Will existing Labour policy on fees and loans prevail?

You have to look to the fringes to glean any insight into this crucial issue. The Shadow Education Secretary, Kate Green, spoke at the conference on education and, like Keir Starmer, she avoided student loans and higher education in general. The full text is here in FE Week. However, she could hardly avoid the issue when confronted by delegates at a fringe meeting organised by the University and College Union (UCU).  Under the topic ‘Against the market: Public education after the pandemic’ she said, “Universities are seen as the jewel in our crown, and they are, but that cannot be built on the backs of exploiting staff”.  Critically she also went onto commit Labour to “abolishing the tuition fees system and replacing it with a sustainable funding model”.  The question then arises about if this might be a change from the existing Labour policy on the abolition of fees.

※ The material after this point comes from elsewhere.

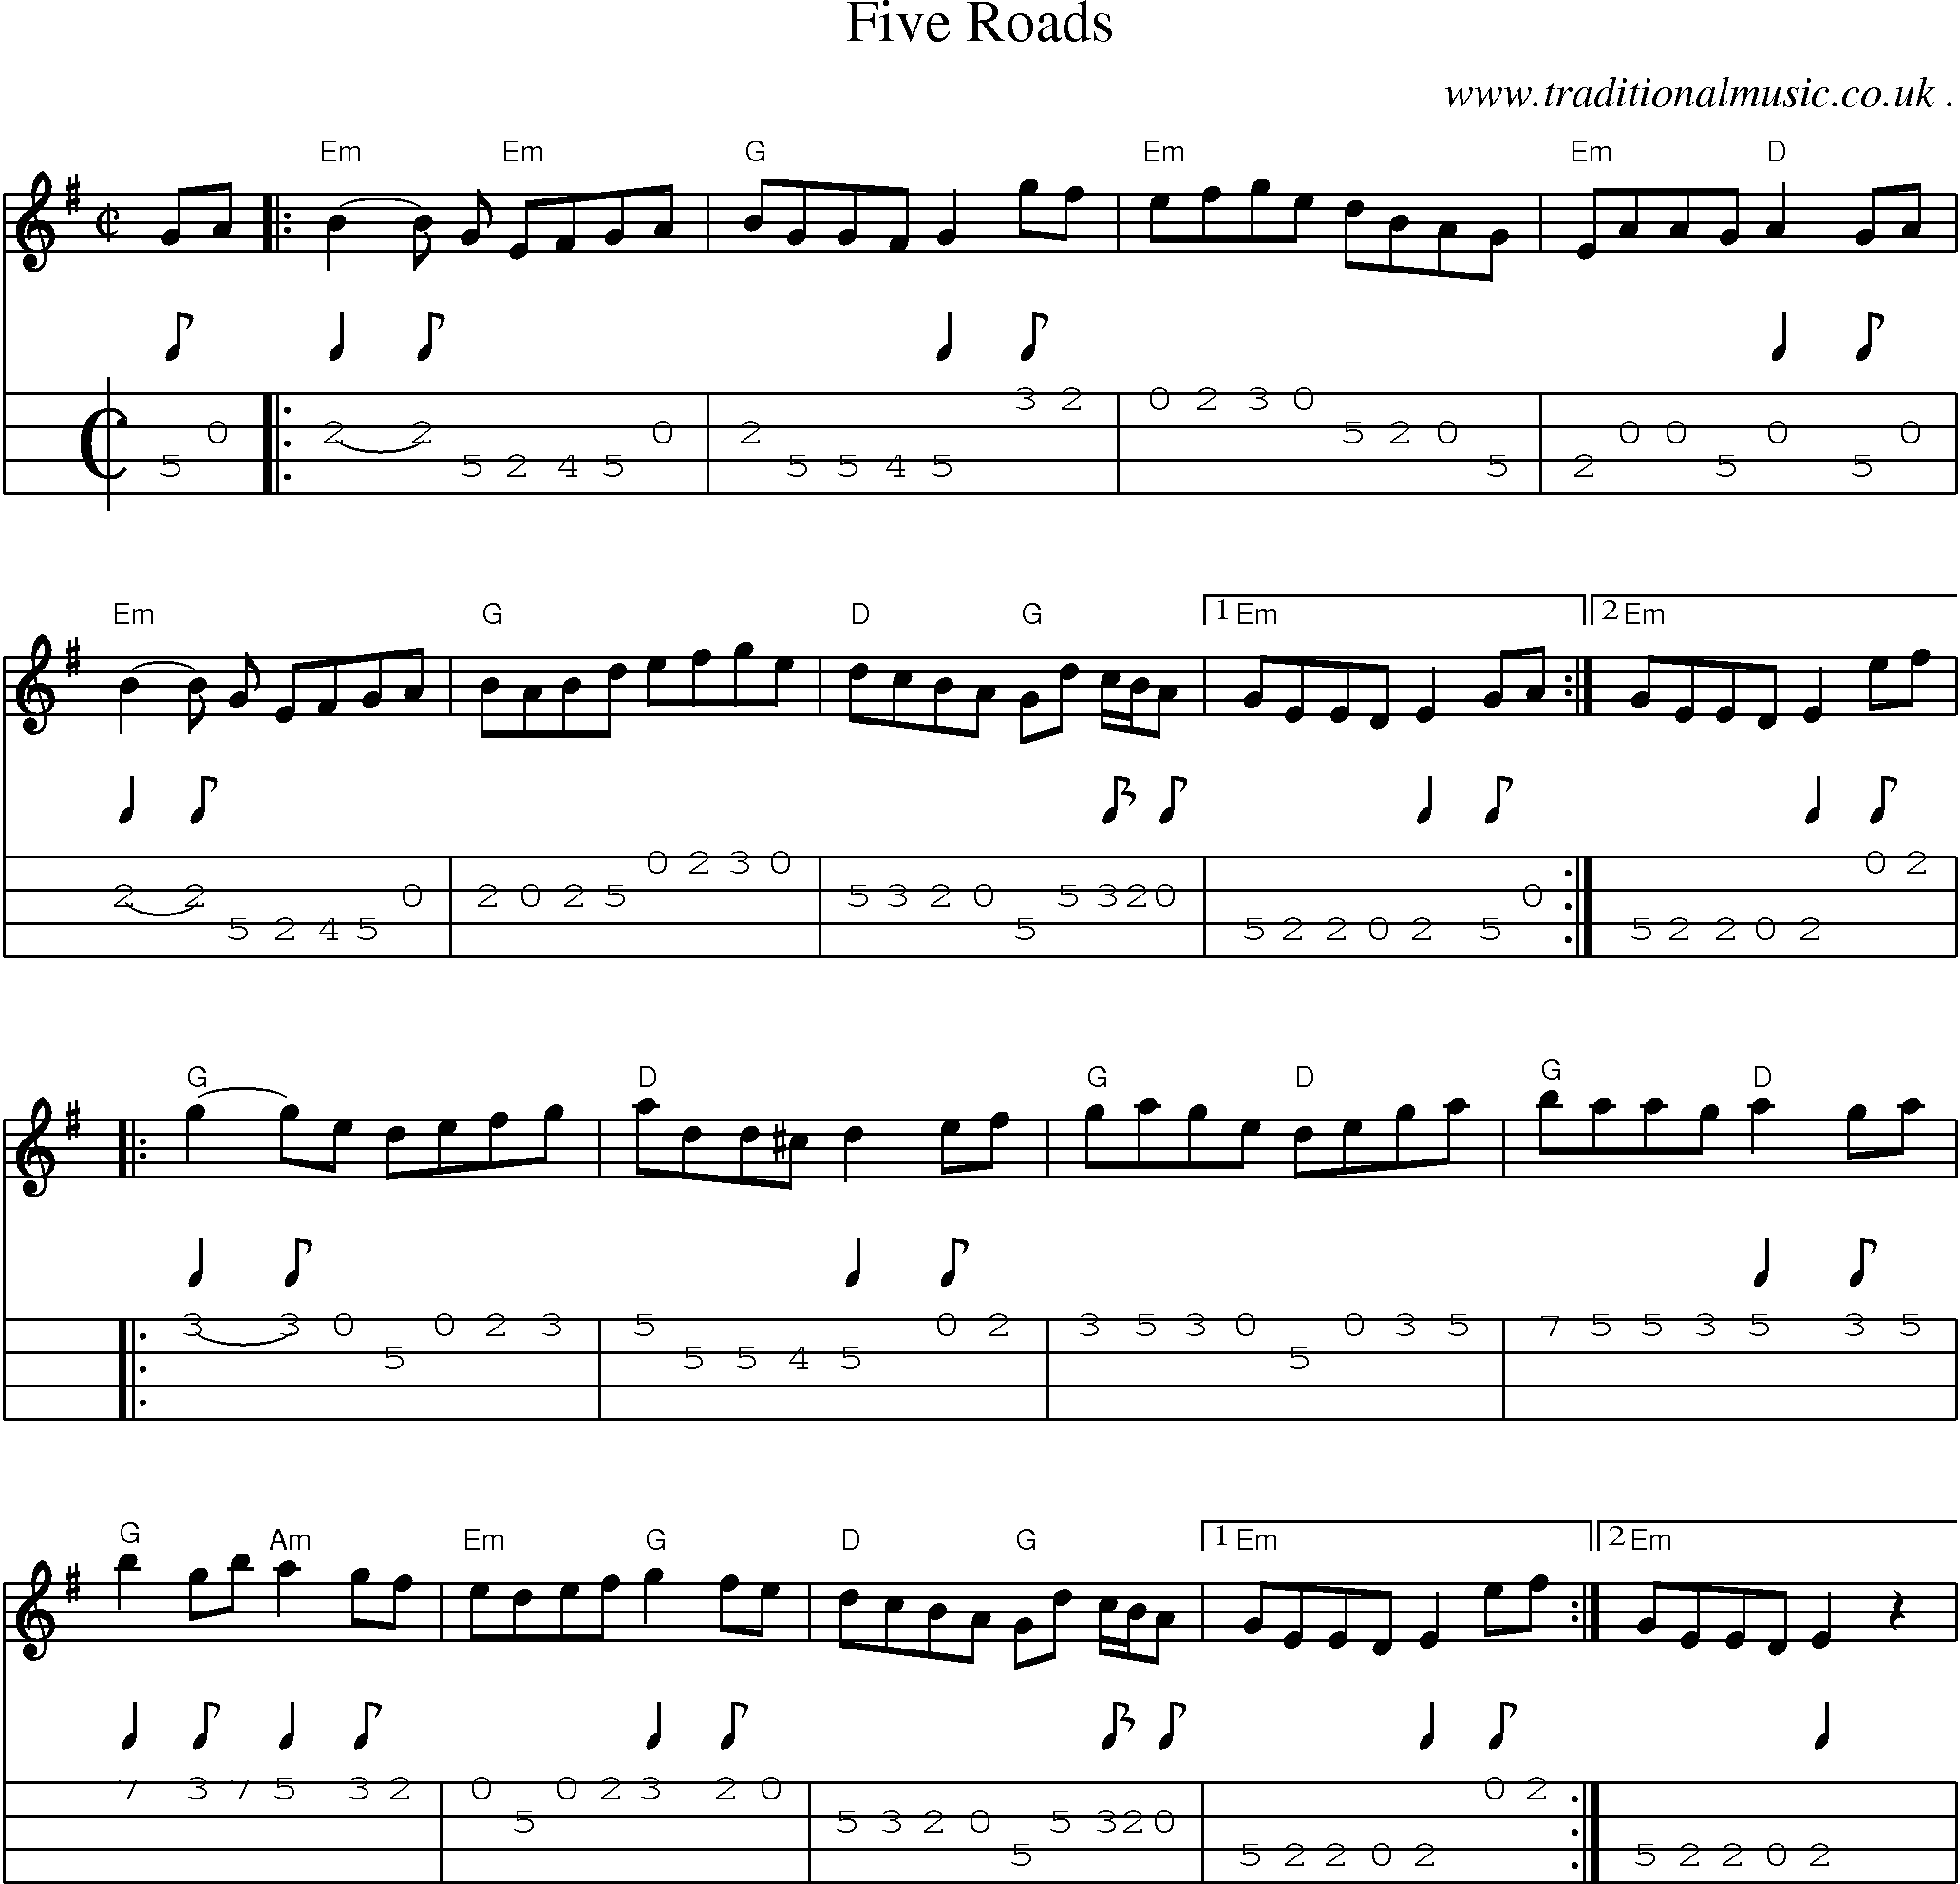 Music Score and Guitar Tabs for Five Roads

This goes back to the Labour Manifesto at the 2019 election that was a disaster for Labour and saw the Conservatives sweep in with a massive majority, so great that Labour have been unable to mount any effective opposition under a more pragmatic leader. In it was the pledge to “create a National Education Service to provide support and opportunity throughout your life: from Sure Start centres to top-quality early years education; well-funded schools with lower class sizes to free university”. Stressed further for students were “tuition with no fees; and free lifelong learning, giving you the chance to reskill throughout your life”. These were bold pledges and likely to look unaffordable to most of the electorate.

The conclusion is there is a major storm brewing. However, it will not be long before we see if the Conservative government has the audacity to make costly and dramatic changes to fees and loans.  They may be about to throw their levelling up agenda onto the bonfire that students and graduates are preparing for them.  Labour are probably waiting in the shadows with a better alternative.